For this listing, reproduce the line with "亿欧网广州越界沙龙第3期·驱动创业创新(1月20日)", the line with "آناتومی یک پست", and the lines between, exactly as they stand. Leave out pictures and all other lines.

* **Source records**:
☆ ☆ ☆ ☆ ☆ ☆ ☆

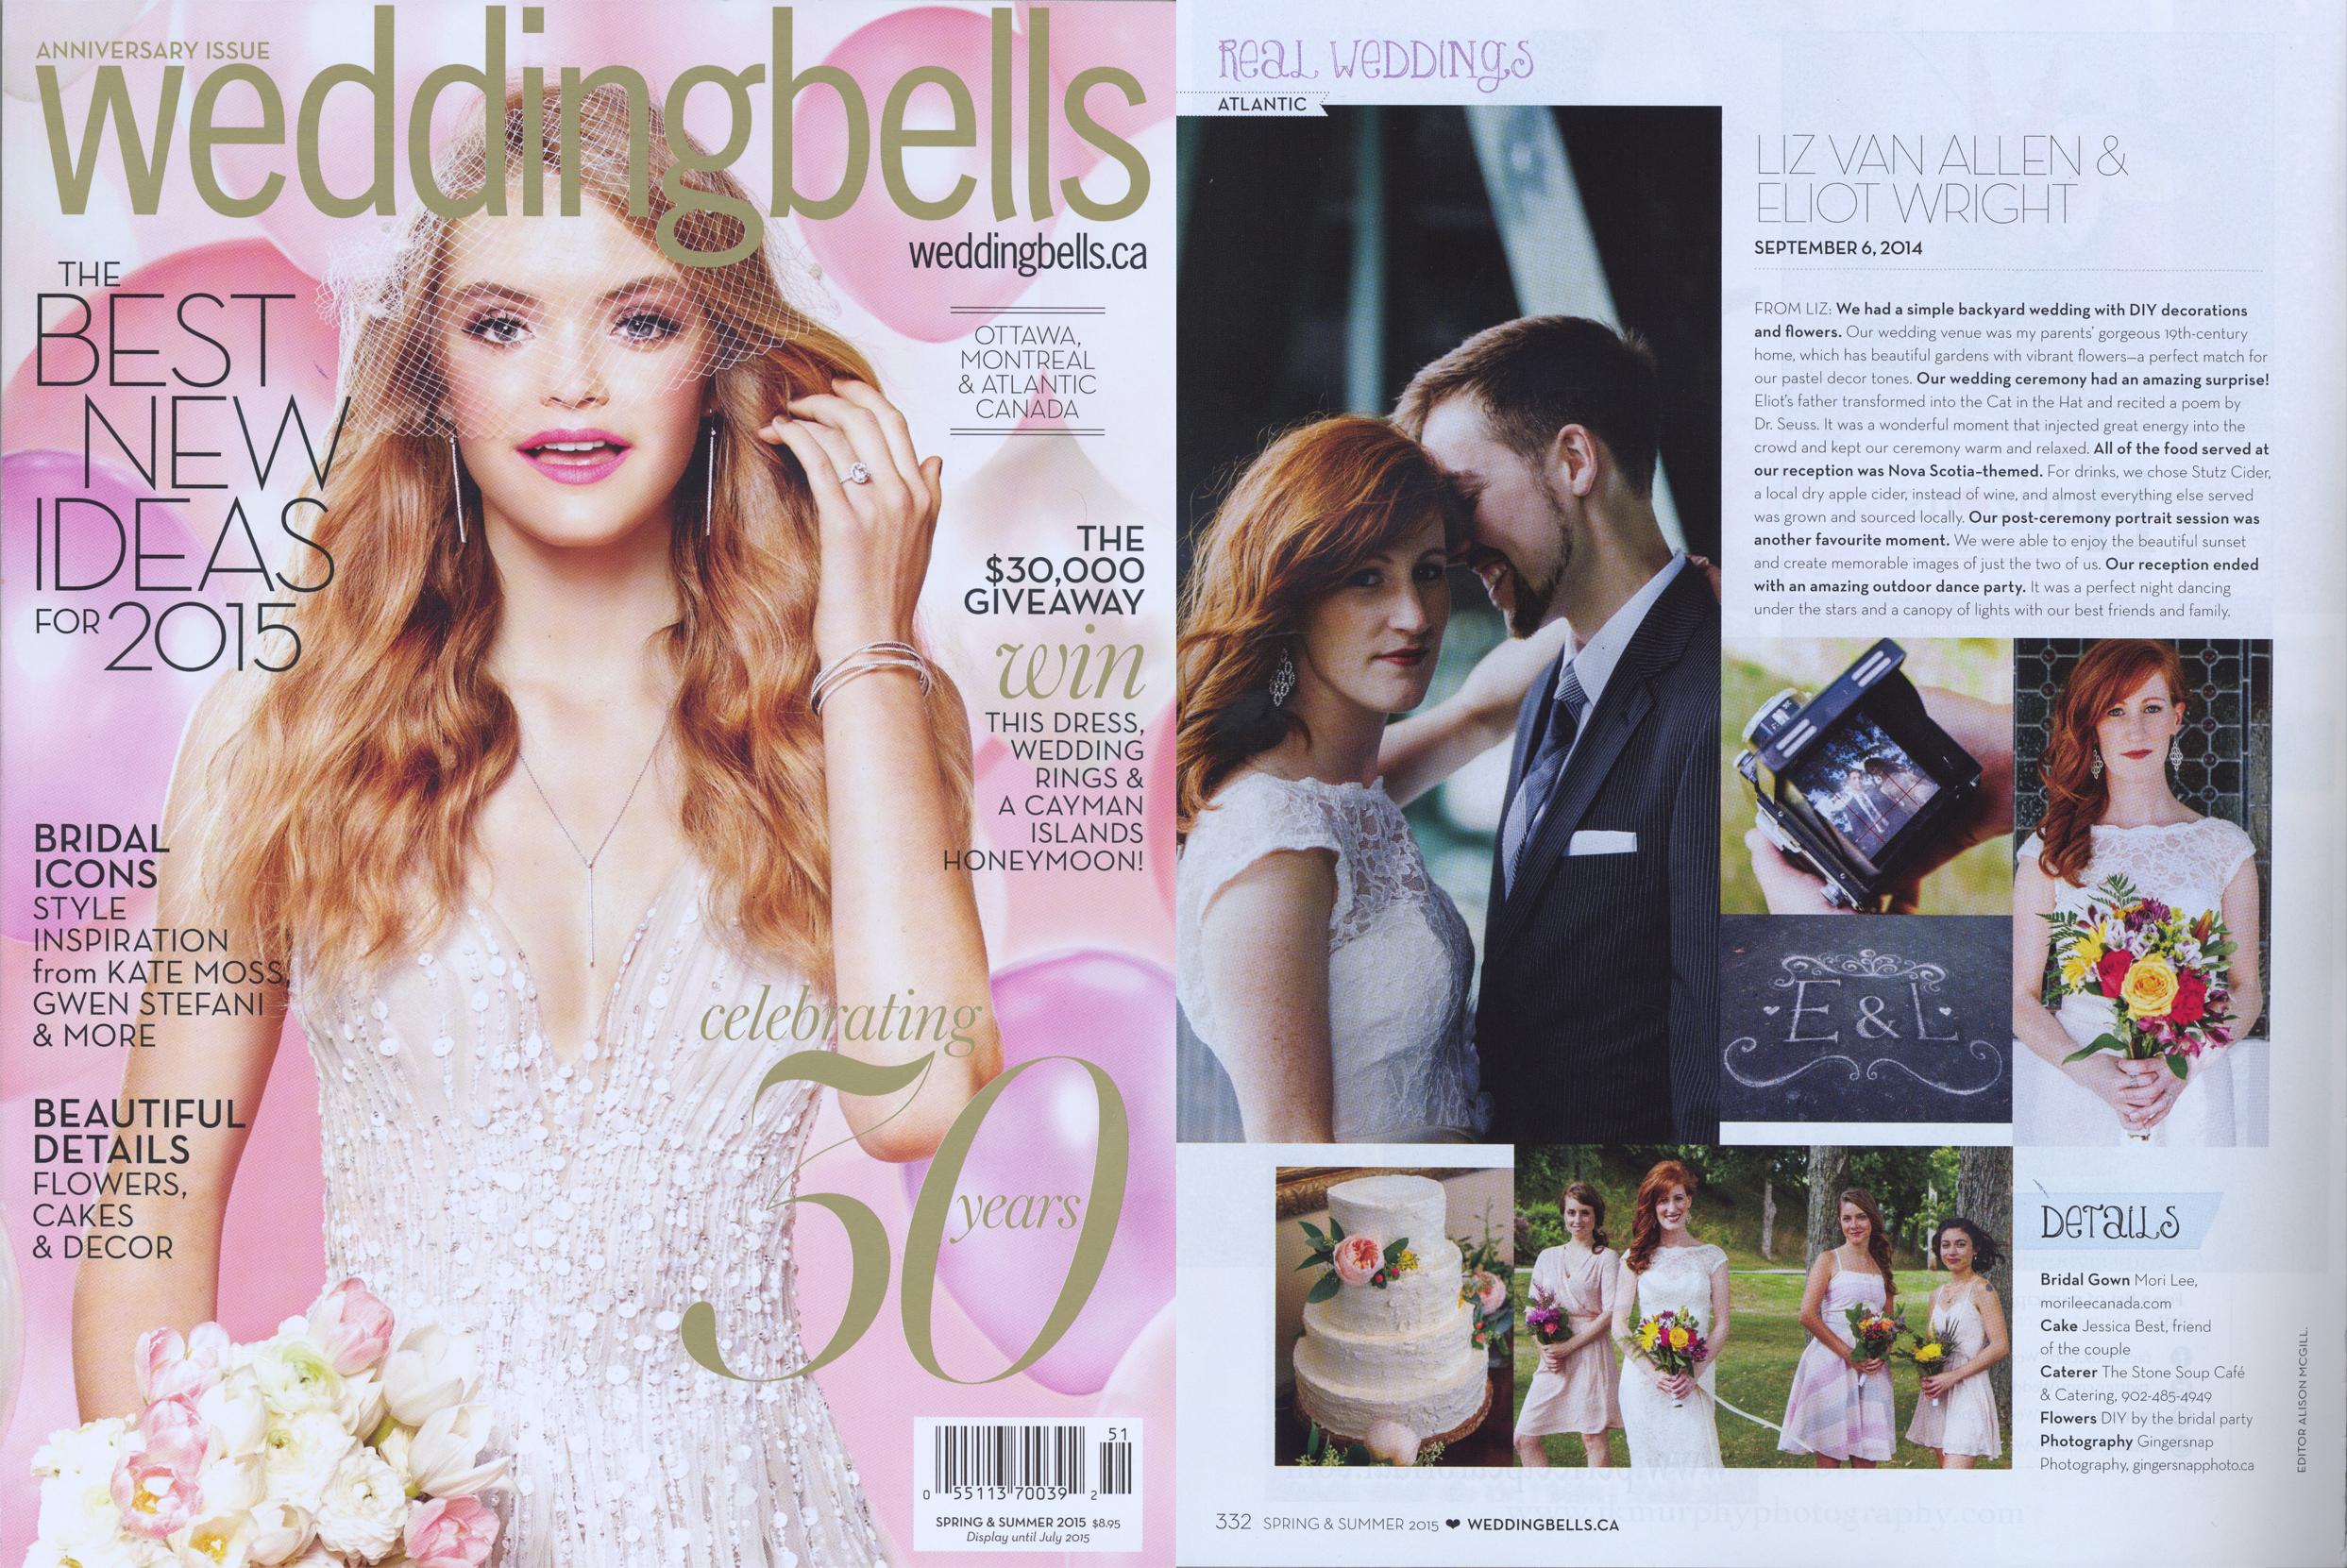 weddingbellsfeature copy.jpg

☆ ☆ ☆ ☆ ☆ ☆ ☆

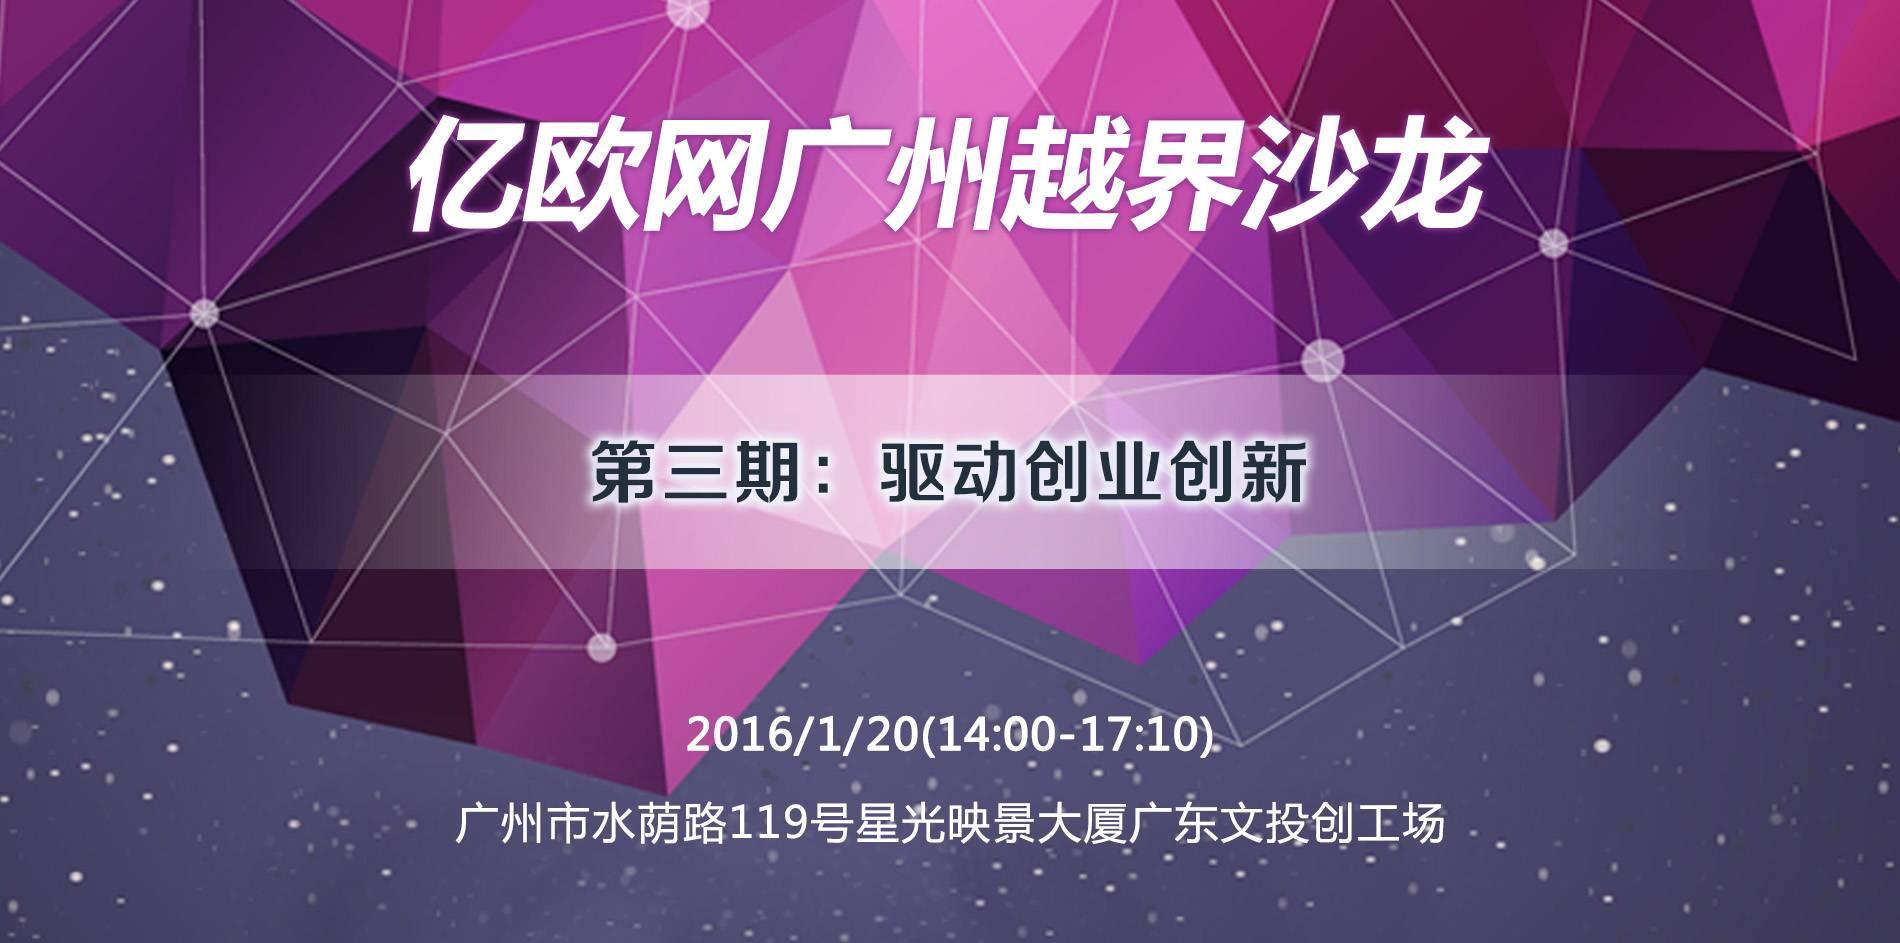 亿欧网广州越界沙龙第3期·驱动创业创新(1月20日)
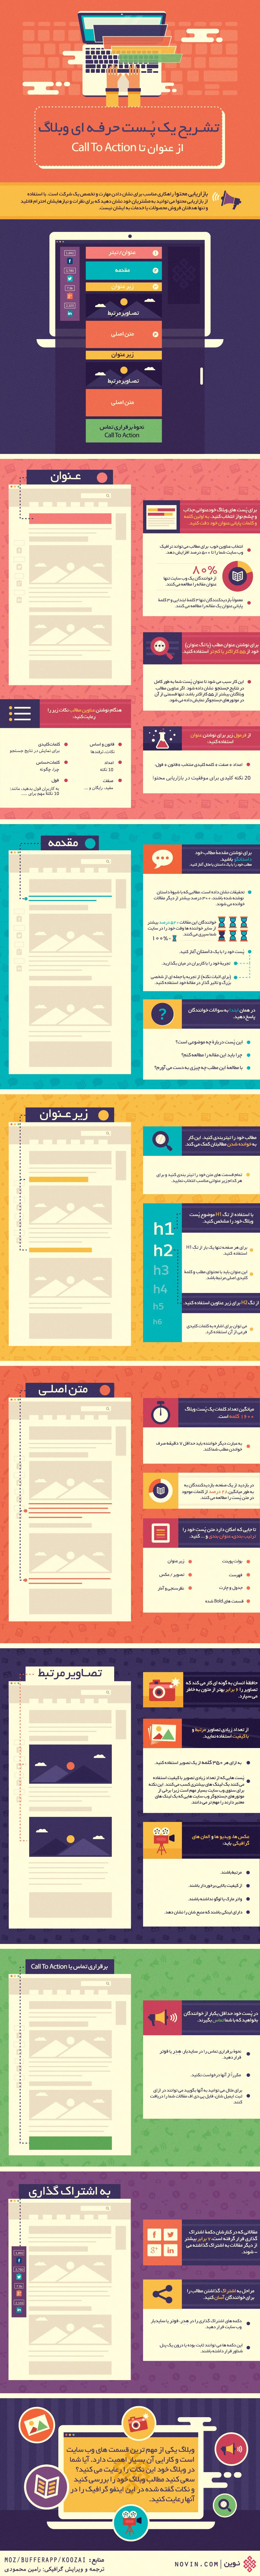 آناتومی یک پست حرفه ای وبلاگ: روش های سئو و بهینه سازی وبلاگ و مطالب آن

☆ ☆ ☆ ☆ ☆ ☆ ☆

* **Output of the exercise**:
 亿欧网广州越界沙龙第3期·驱动创业创新(1月20日)
 آناتومی یک پست حرفه ای وبلاگ: روش های سئو و بهینه سازی وبلاگ و مطالب آن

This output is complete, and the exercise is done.